‘Kissing bug’ defecates in face, kills heart muscle — found near NJ
An insect that carries a dangerous parasitic illness has been confirmed in another state neighboring New Jersey.
Chagas disease, which has been diagnosed in 300,000 people in at least 30 states, is spread by the triatomine insect, known as the "kissing bug." It had spread to Pennsylvania as of last summer. Now, The CDC has confirmed that the insect also was found in Delaware, dating back to July 2018.
In a release just this month, the CDC confirmed a family that lives near a heavily wooded area of that state requested help from officials, after noticing a bite on their daughter's face last summer.
The girl did not become ill, but the bug was positively identified as a kissing bug.
“What they tend to do is they like to go for the face, hence the name kissing bug, and they will bite you on the face or around the eye,” Dr. Ted Louie, an infectious disease expert with the Medical Society of New Jersey, previously told New Jersey 101.5.
Chagas disease can cause serious cardiac and gastrointestinal complications. The parasite that carries it is actually spread through the feces of the kissing bug, which may be rubbed into the wound that is caused by the insect's bite.
“Oftentimes, one of the classic signs is that you get swelling above your eye, and then there’s an acute illness, which is fever and muscle aches," Louie said.
Other early symptoms can include fatigues, a rash and headache.
Dr. Rachana Kulkarni, a New Jersey cardiologist with the American Heart Association, said many people who may get Chagas don’t experience symptoms until years later.

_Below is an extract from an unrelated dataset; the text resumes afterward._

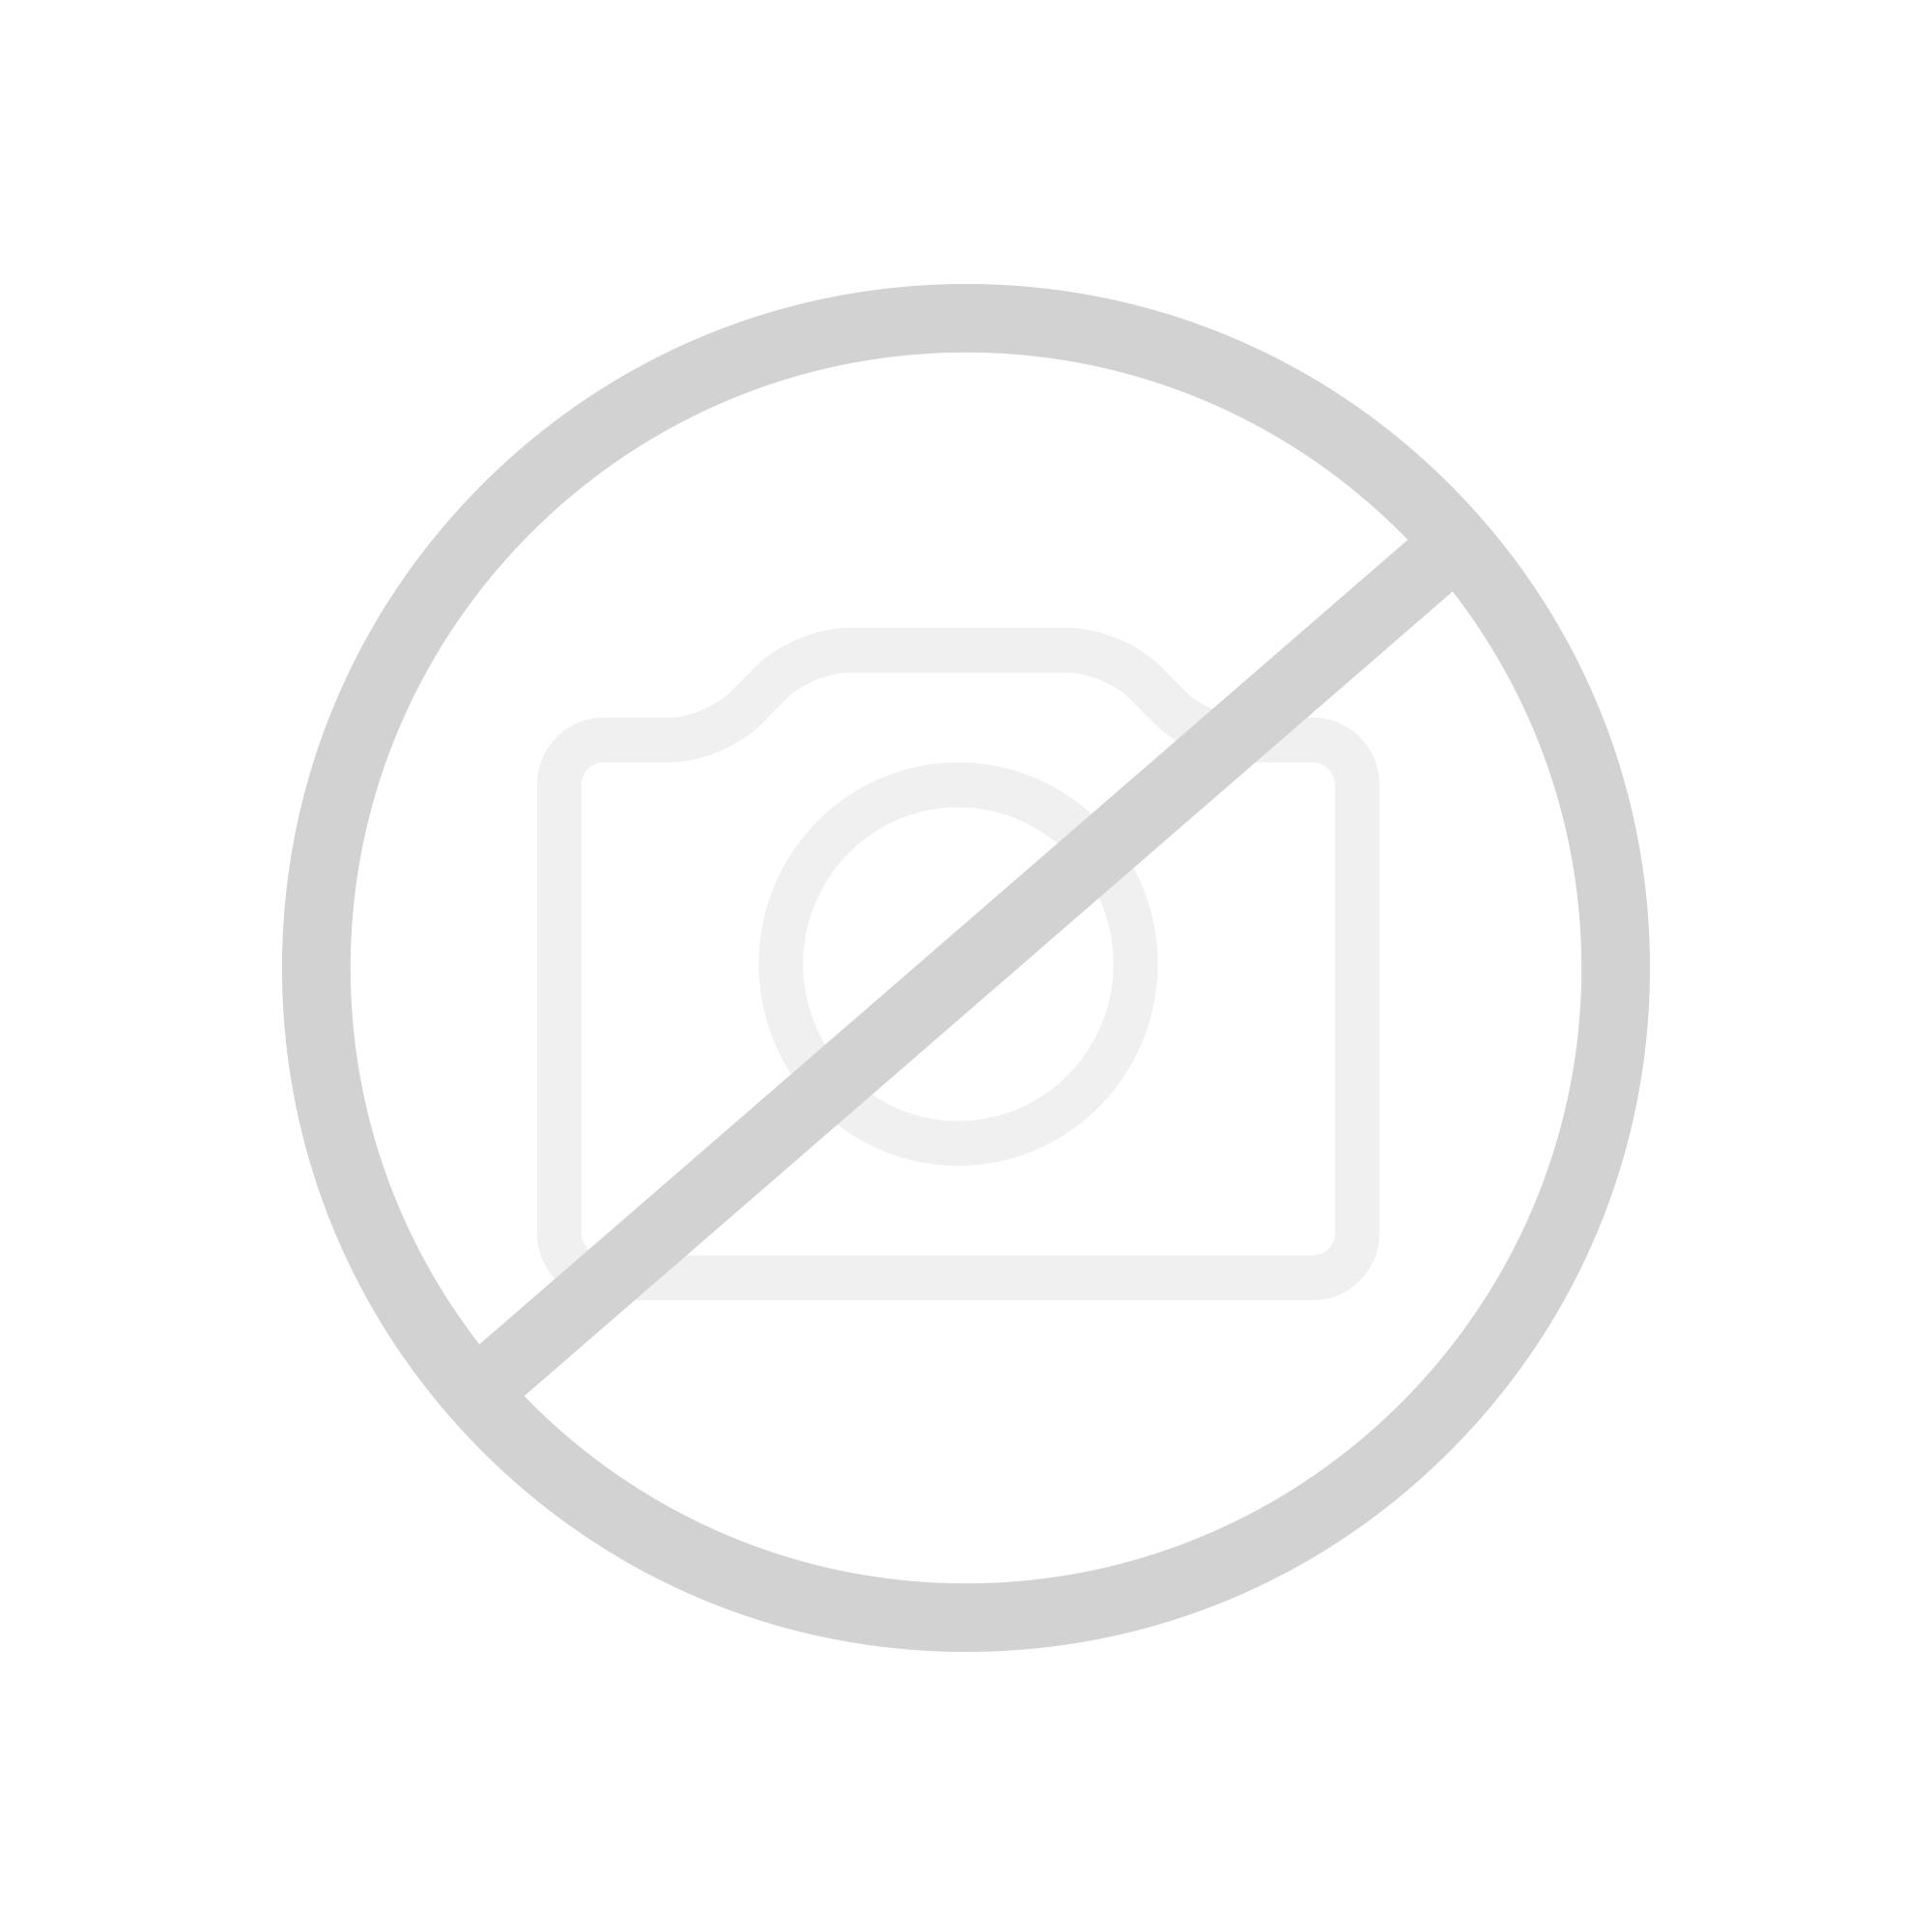 dornbracht madison madison flair seitenbrause messing 28518360 09 reuter onlineshop. Black Bedroom Furniture Sets. Home Design Ideas

“The most common conditions are cardiomyopathy, which is the heart kind of gets ballooned, and then the parasite starts killing the heart muscle and it leads to heart failure.”
She said the parasite will start replacing the heart muscle with scar tissue and this can lead to an aneurysm. Patients can have irregular and sometimes fatal heart rhythms.
“We need to instill screening processes, and clinicians and physicians need to be aware of this so it can be treated properly," Kulkarni said.
Louie said if you live in a modern house or apartment, the chances of getting Chagas are slim, but if you spend time in more rural areas or if you go camping, the risk increases.
He said if you suspect you might have been bitten by a kissing bug you should seek medical help as soon as possible because different anti-parasitic medications have been shown to have a good success rate.
The CDC estimates that the large majority of those with Chagas disease in the United States were infected in the parts of Central and South America where the disease typically is found.
Not all triatomine bugs are infected with the parasite.
CDC officials also said the likelihood of human infection from contact in the U.S. is low, even when the bug is infected.